USE: It is important to look at the user aspects of wrist prostheses. For this there will be looked at the end users, society and enterprise.
Users: The users of a hand prothesis will be people who have somehow lost their hand or arm entirely. Their current way of living would be improved by giving them the possibility to use their prosthesis to pick up objects, which would also help them with basic uses of the hand. Further development could lead to even more possibilities such as catching objects or typing. This would greatly improve the quality of life for these people.
The preferences of the users would of course be a full-fuctioning arm and hand with perhaps even additional functions. The question is whether or not this is desirable, since if a prosthetic hand is more useful than u human one it could incentivise people to have a prostetic hand even if their current hand is still functioning.
Society: A hand prothesis will allow people who lose their arm or hand to more easily rehabilitate to their normal lives and jobs.
Enterprise: The enterprise will be able to sell prostheses.
The results of this project will be presented in the form of a 3D Functional Model (FuMo) together with an algorithm. The model will consist of a design for a prosthetic hand and wrist in a 3D environment (Probably NX10).
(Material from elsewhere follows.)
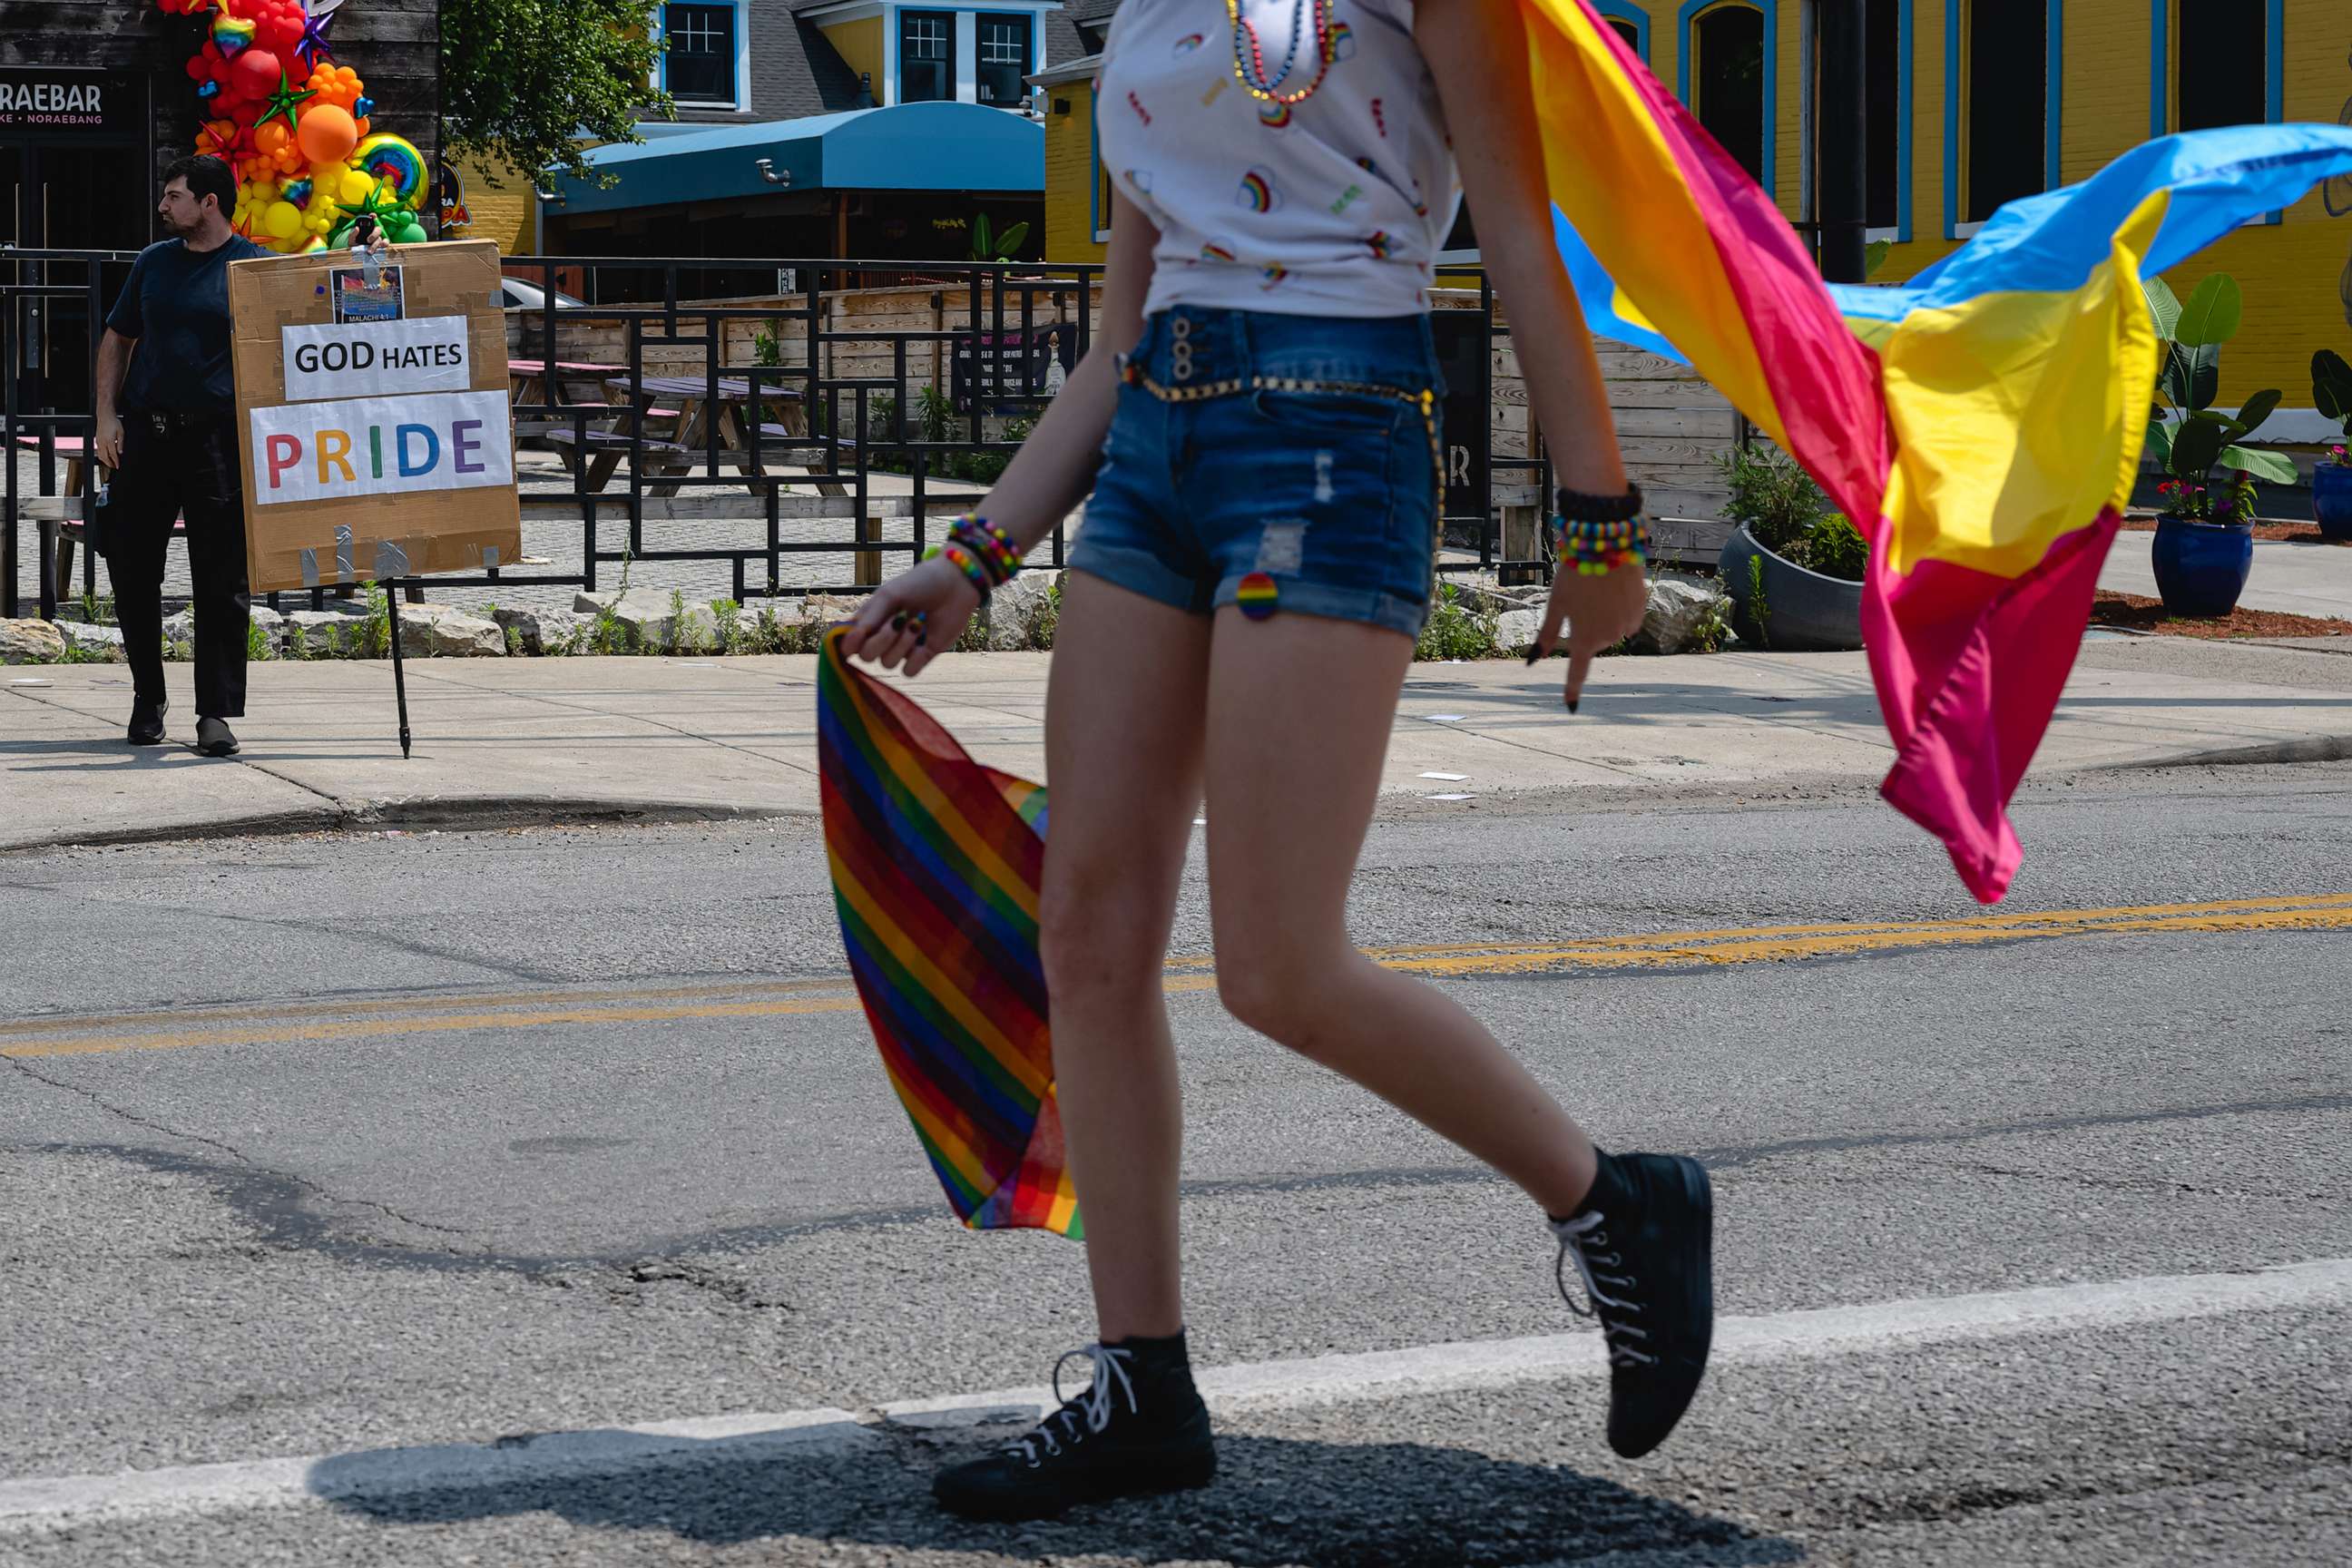 PHOTO: A protester holds a sign reading "GOD HATES PRIDE" as parade participants pass during the Kentuckiana Pride Parade, June 17, 2023, in Louisville, Ky.
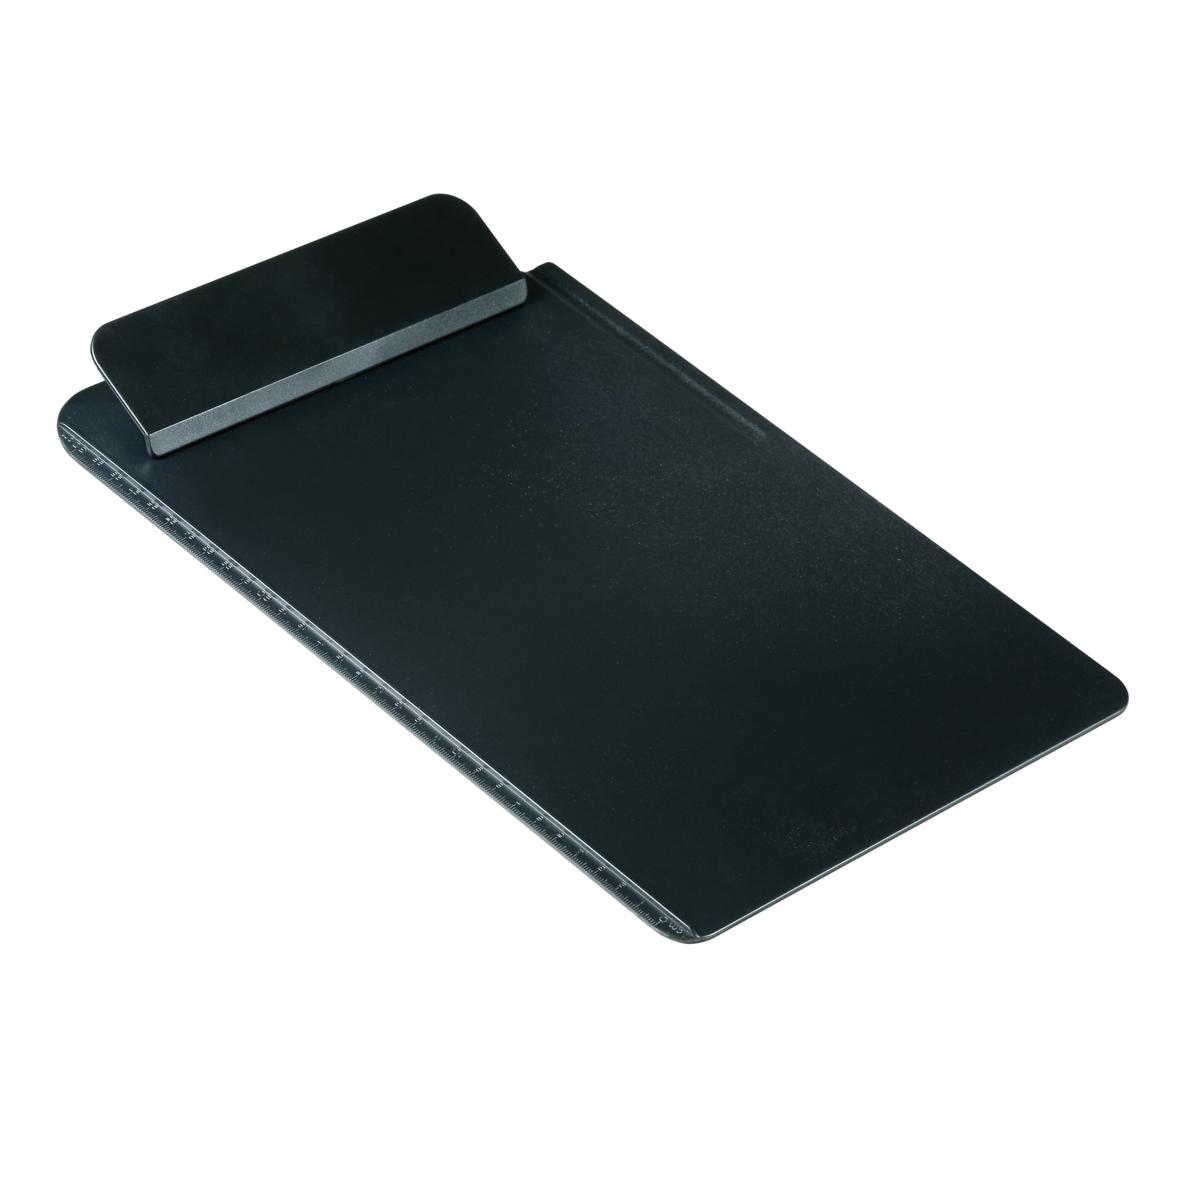 A4 Clipboard support made from recycled material - Benson - Abingdon

Since the design will be virtual as of now, the two deliverables cannot be combined to give a single result. However the algorithm's functionality will still be proven in another way. If in the next couple weeks it is concluded that a physical model is possible to make within the given time frame, the option will be considered.
|Name||Week 1||Week 2||Week 3||Week 4|
|Eva||Search for useful sources and make a planning; do research on robot hands||Relate research on human hands to the research on robotic hands; start on the design (FuMo)||Work on the design||Finish draft|
|Jurre||Finding sources; do research on human hands||Relate research on human hands to the research on robotic hands||Aid in either the design or software||Finish draft/first algorithm; wiki up-to-date|
|Karsten||Write about deliverables; do research on control mechanism for prosthetic hand||Start on the design (FuMo)||Work on the design; implement stability/force feedback||Finish draft|
|Steven||Write about users; do research on machine learning for prostheses||Start on machine learning algorithm||Work on machine learning algorithm||Finish first version of algorithm|
|Thijs||Do research on machine learning for prostheses||Start on machine learning algorithm||Work on machine learning algorithm||Finish first version of algorithm|
|Name||Week 5||Week 6||Week 7||Week 8|
|Eva||Improve design||Finish design; work on presentation||Presentation||-|
|Jurre||Aid in either the design or software||Finish project; work on presentation||Presentation||-|
|Karsten||Improve design||Finish design; work on presentation||Presentation||-|
|Steven||Improvements in efficiency/running time of algorithm||Finish algorithm; work on presentation||Presentation||-|
|Thijs||Improvements in efficiency/running time of algorithm||Finish algorithm; work on presentation||Presentation||-|
The yellow fields are the milestones.
State of the art
The human hand
The human hand can be separated into three main parts. The forearm, the wrist and the fingers. For clarity we will look at each part separately. The fingers consist of two hinge joints and condyloid joint at the base of the digit. While they are separate joints, they cannot work independently. A tendon connects each digit with the associated muscles in the forearm. For each digit there is a pair of muscles of which one extends and one curls the digit. There is a second group of muscles also situated in the forearm that spreads the fingers apart. 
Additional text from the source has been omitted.